Sunday, August 30, 2015

The Everyday Sublime

            It has been just over six weeks since I gave birth to my daughter, and, whenever she is peacefully napping, I find myself thinking, how have I not written about childbirth and being a parent yet? Then, at the same time, I think, how could I possibly write about those things? I don’t mean how could I find the time, although, I will admit there is very little of it between all of the feeding, cuddling, crying, diaper changing, and general attempts to maintain a semblance of normalcy in my home and life. As tiny as my daughter is, she has changed everything in my life, but I have never been happier. What I mean is that having a baby is the most amazing experience I have ever had in my life. It has swallowed me whole, and I am immersed in the experience while staring at it overwhelmed and awe-inspired from inside my own head. I am in it and consumed by it, like the quotidian sublime of the ocean or never ending fields in the Midwest. It is something that happens everyday, and, yet, it is one of the greatest things a human being can experience. While I can write about the details, tell you everything that has happened and even fit it into a swell narrative arc, I can’t quite find the words to describe the experience as a whole, an experience that is greater than me. It is like trying to describe the ocean to someone who has never seen it before. It is blue, it smells salty, and any list of descriptive details could be used, but the details don’t quite cut it. You can’t quite understand until you see it for yourself because it isn’t just each sensory detail that adds up to make the thing, it is the experience.
You realize this when you become a parent. You think back to all of those times you rolled your eyes at your parents for worrying about you when you didn’t call or came home late. You finally feel what they felt, this all embracing feeling of love, a love that must worry and protect. You finally feel what it is like to want the very best for someone and to know in your heart that you will do anything to give your child that. Everything that your parents have done and continue to do for you becomes illuminated, and you begin to understand that you were probably right to adore them as a child and look at them as superheroes. They are superheroes. Every parent should be their child’s superhero. And, if you have friends who had children before you, you know you have heard them say all of this, there is nothing else like it, it is the most amazing experience in the world, I wouldn’t change it for anything. And you nodded, and you believed them, but you didn’t really understand, you can’t really understand, until it happens to you.

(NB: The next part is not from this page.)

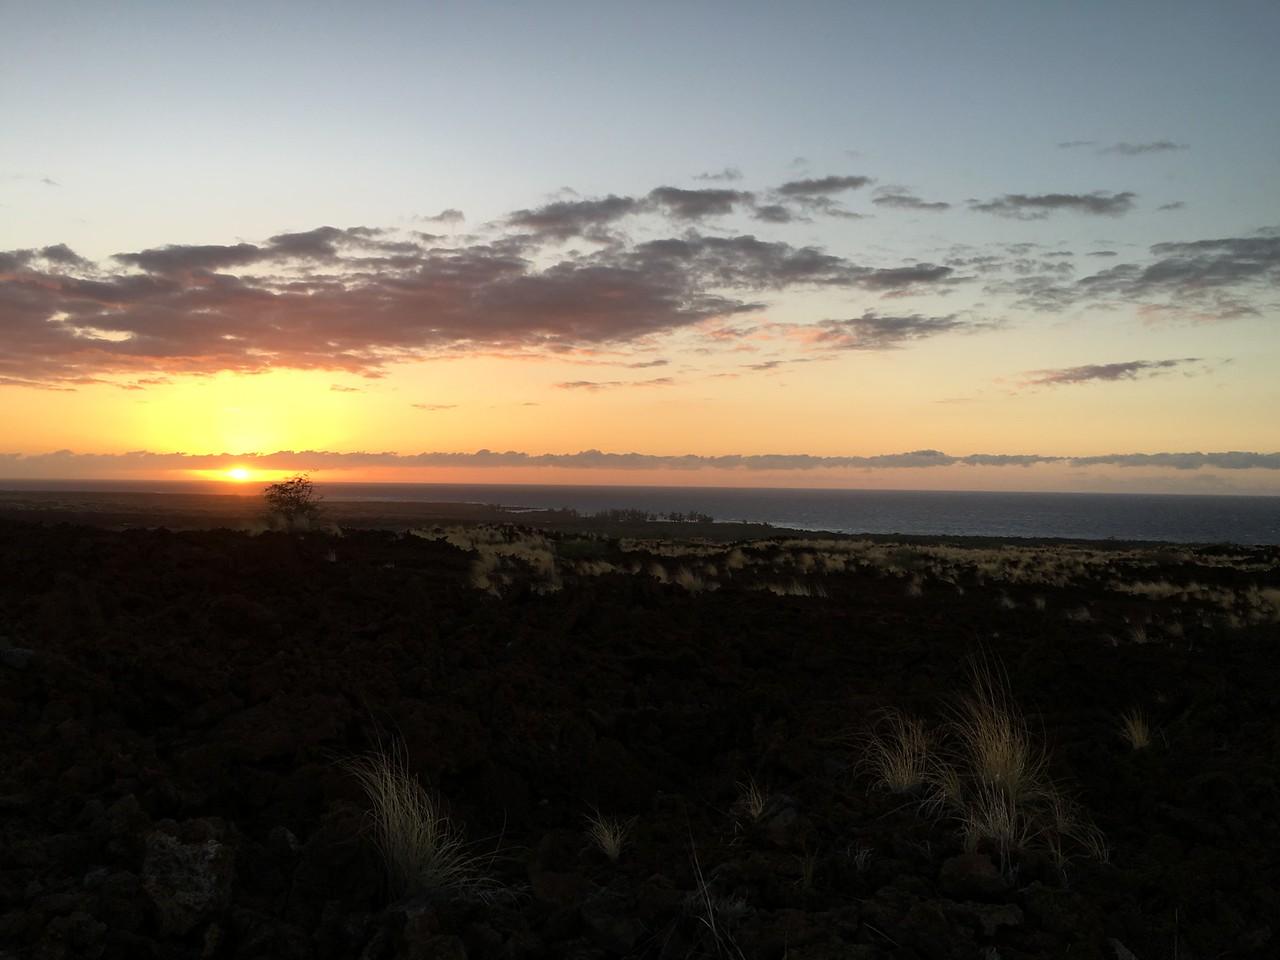 Sunset, Kekaha Kai State Park, Kailua-Kona
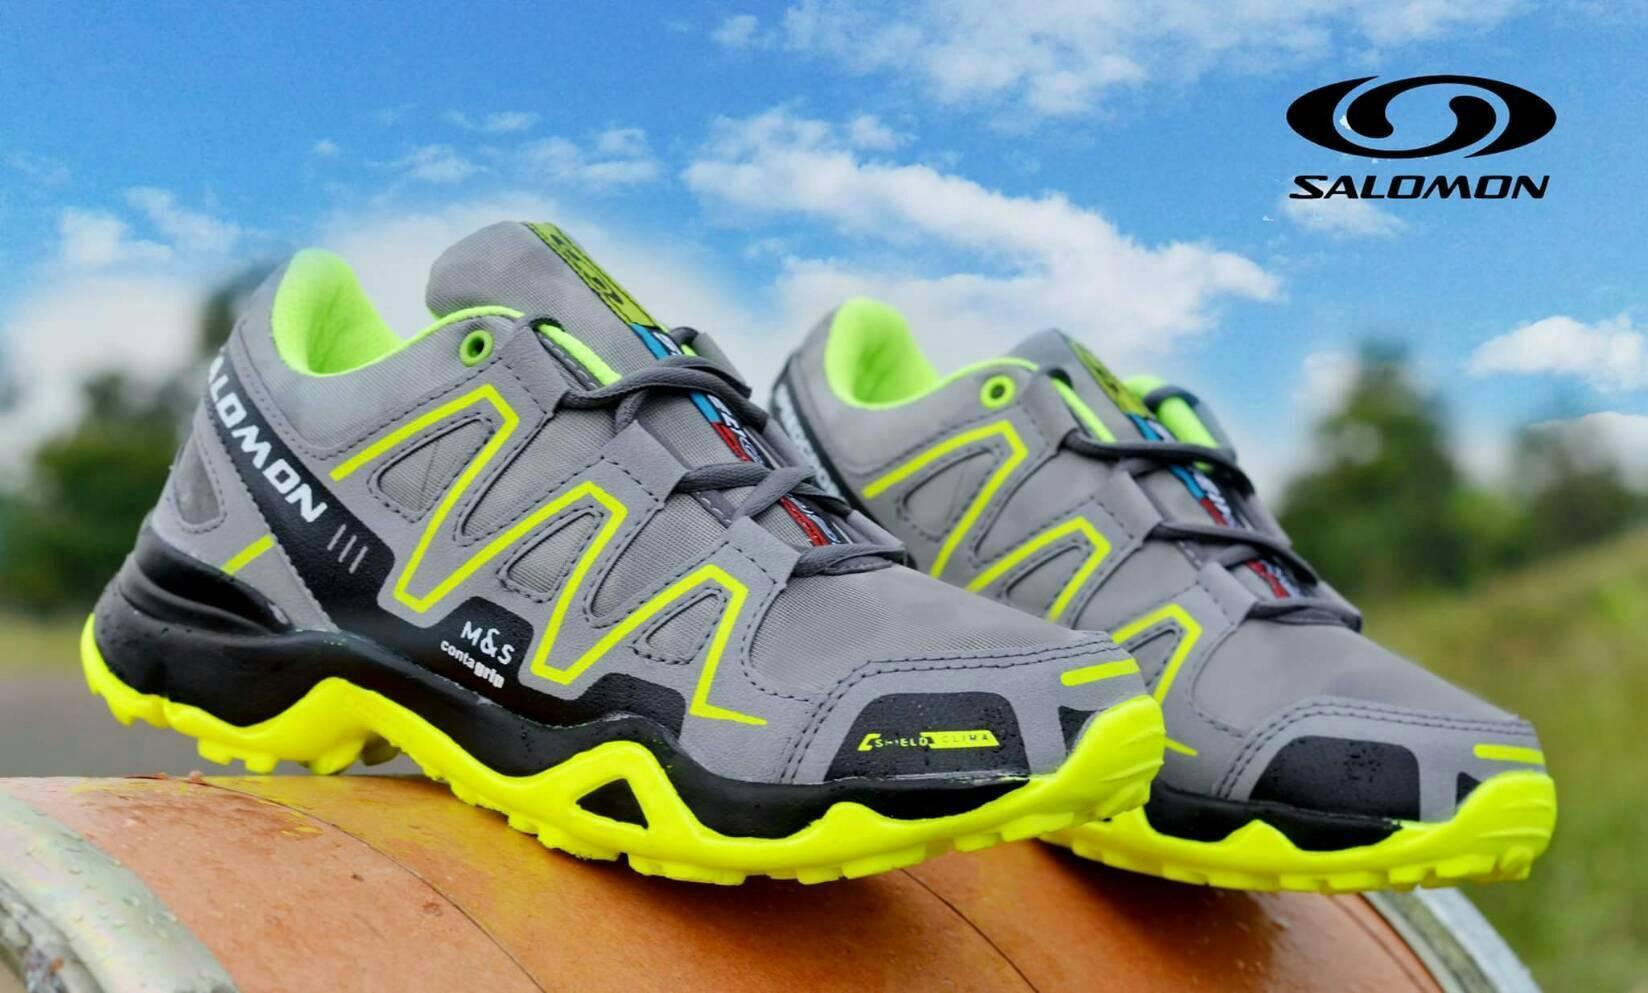 Sepatu Sport Pria Adidas Tracking Salomon Import (Sepatu Olahraga, Sepatu Kerja, Sepatu Gunung, Sepatu Hiking, Sepatu Sekolah, Sepatu Joging, Lapangan, Sepatu Kulit, Sneaker, Slip On, Slop, Casual ,BOOTS, SEPATU VANS,Adidas, Nike, Pria, Wanita, Anak)

But, while it may seem impossible to write about this experience, it isn’t. It just takes finding the right moments and describing the perfect mix of details about those moments. There is no recipe, but it can be done. That is the challenge of a writer. You have to write about those tiny, poignant moments when you felt most deeply. Of course, you can’t live every moment like that or you would probably melt into a puddle on the floor, unable to function as an adult. Believe me, this has happened to me. So, instead of feeling everything all the time, we let those moments flutter into our lives and we never forget them. We return to them when the pain or mundanity of life has made us feel numb. Those are the poignant moments we write about. I can think of no better place to start then when the nurses placed my daughter on my chest for the first time, she began to nurse, and I stared at her tiny hands and full head of brown hair. A smile burst on my face and I couldn’t stop looking at her. Despite all the commotion around me and the doctor sewing me up, there was nothing else in the room for me at that moment except for my daughter and me, dissolved into happiness.